Но самой большой радостью оказались крабы – громадные и драчливые. «Я провожу много времени с крабами, они таскают окурки и кушают табак… Это – самое интересное, что здесь есть». Потом эти крабы появятся в поэме «Соловьиный сад», в которой вообще узнается пейзаж Гетари – океан, скалистый берег, таинственный сад за оградой, с которой свешивались крупные, тяжелые розы.
Впрочем, была еще молодая испанка необыкновенной красоты, поселившаяся в том же отеле. Блок заглядывался на нее, прозвал ее perla del Oceano и пометил в книжке: «Надо быть в хорошем настроении, чтобы записывать какой-то вздор об испанке. Какое мне дело до зубов и глаз? Со вчерашнего дня нашла опять тоска. Заграница мне вредна вообще…»
Ровного настроения и впрямь хватило ненадолго. Как обычно, он стал раздражаться иноземными порядками и затосковал по дому, по Шахматову. «Да и вообще надо сказать, что мне очень надоела Франция и хочется вернуться в культурную страну – Россию», – пишет он матери. И тут же в юмористическом тоне описывает поездку в достопримечательное место Pas de Rolands: «Французы переводят это – „путь Роланда“ (а я – „здесь нет Роланда“), там есть ущелье, где будто бы прошла вся армия Роланда. Мы тоже прошли через это ущелье, там страшно сильно пахнет ватер-клозетом».
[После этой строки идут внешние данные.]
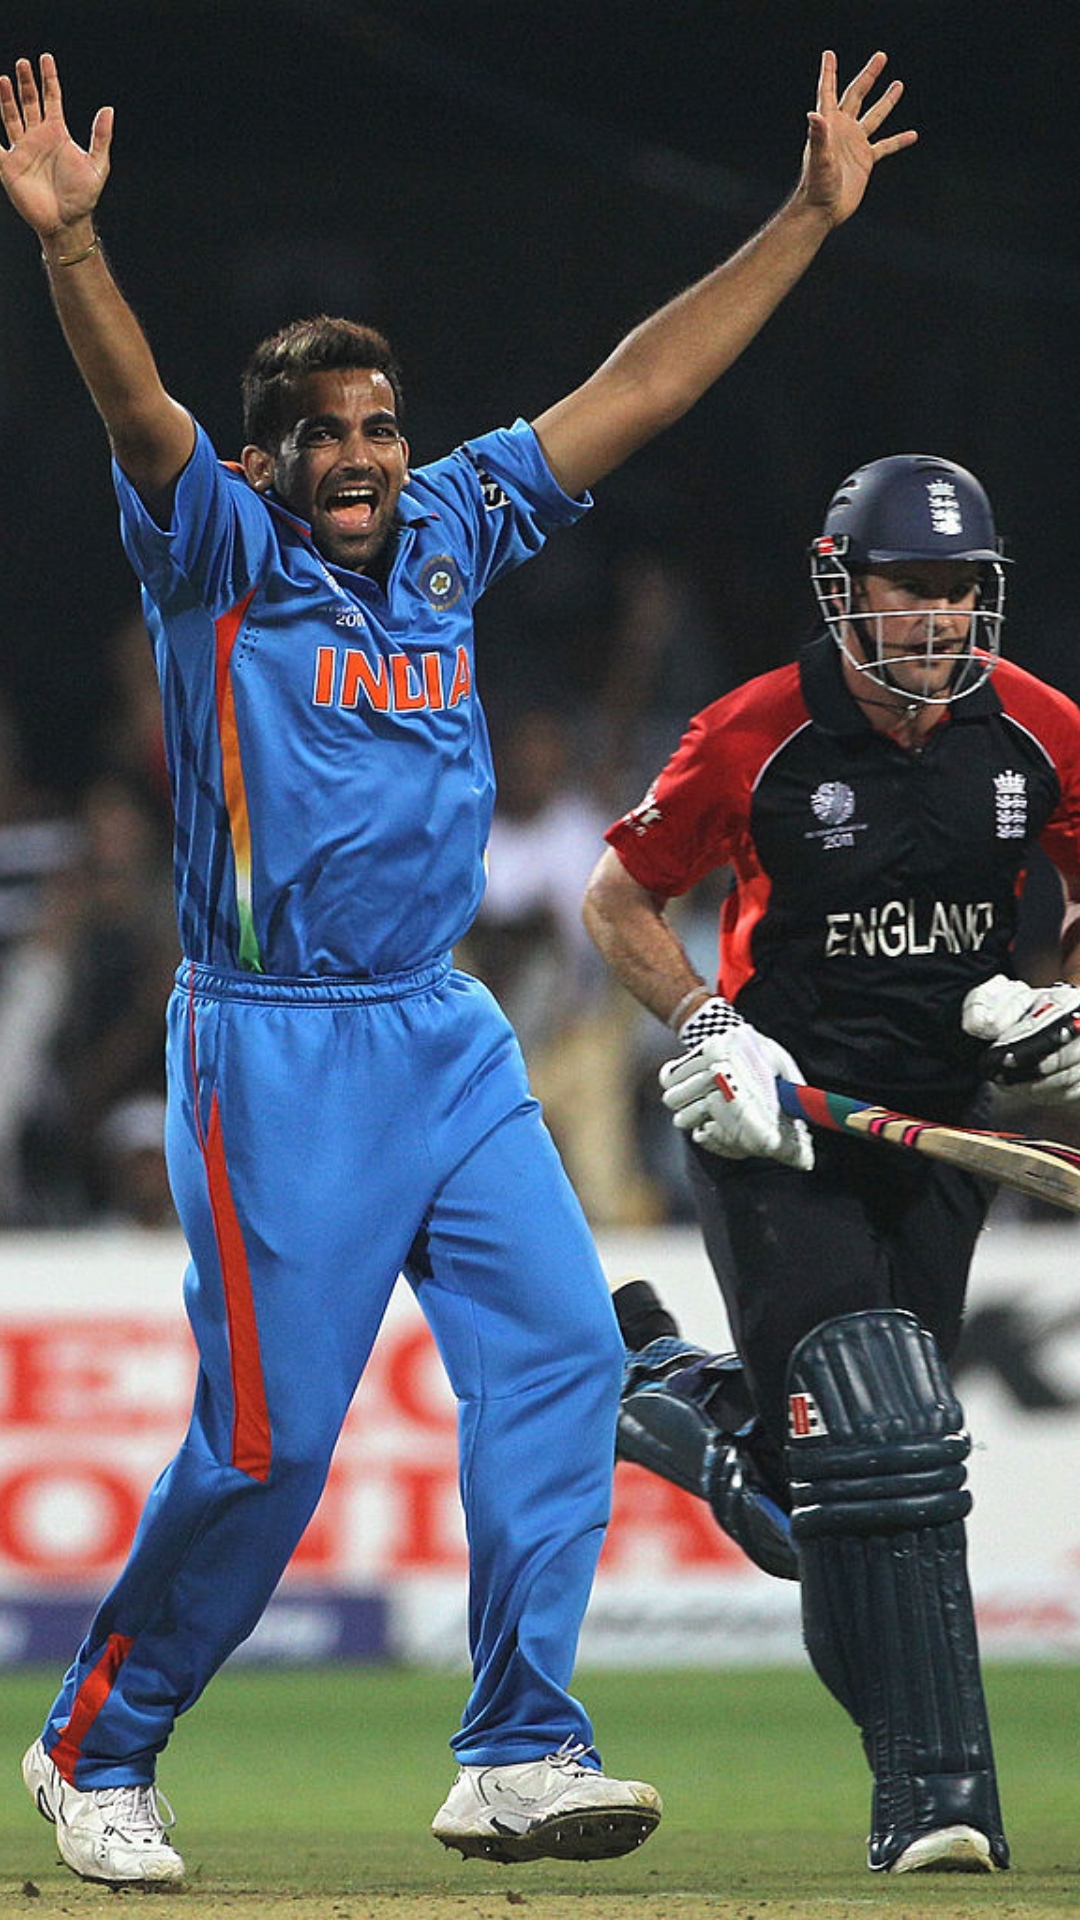 वनडे वर्ल्ड कप में पहले ही ओवर में सबसे ज्यादा विकेट लेने वाले स्टार बॉलर्स की लिस्ट

Люба… Даже здесь, среди прелестной природы и приятных развлечений, эта открытая рана болела. Вот несколько горестных замет в записной книжке: «Вечером – горькие мысли о будущем и 1001-й безмолвный разговор о том, чтобы разойтись. Горько. Горько. Может быть, так горько еще и не было… Утром – разговор до слез. Потом – весь день дружны… Я купил милой роз… Всего много, но – как будто жизнь кончается. Какая безвыходность на рассвете!»
То, что разбилось вдребезги, не склеишь. Да и стоило ли собирать осколки? Он любил ее теперь, может быть, как никогда раньше, но уже примирился с тем, что произошло.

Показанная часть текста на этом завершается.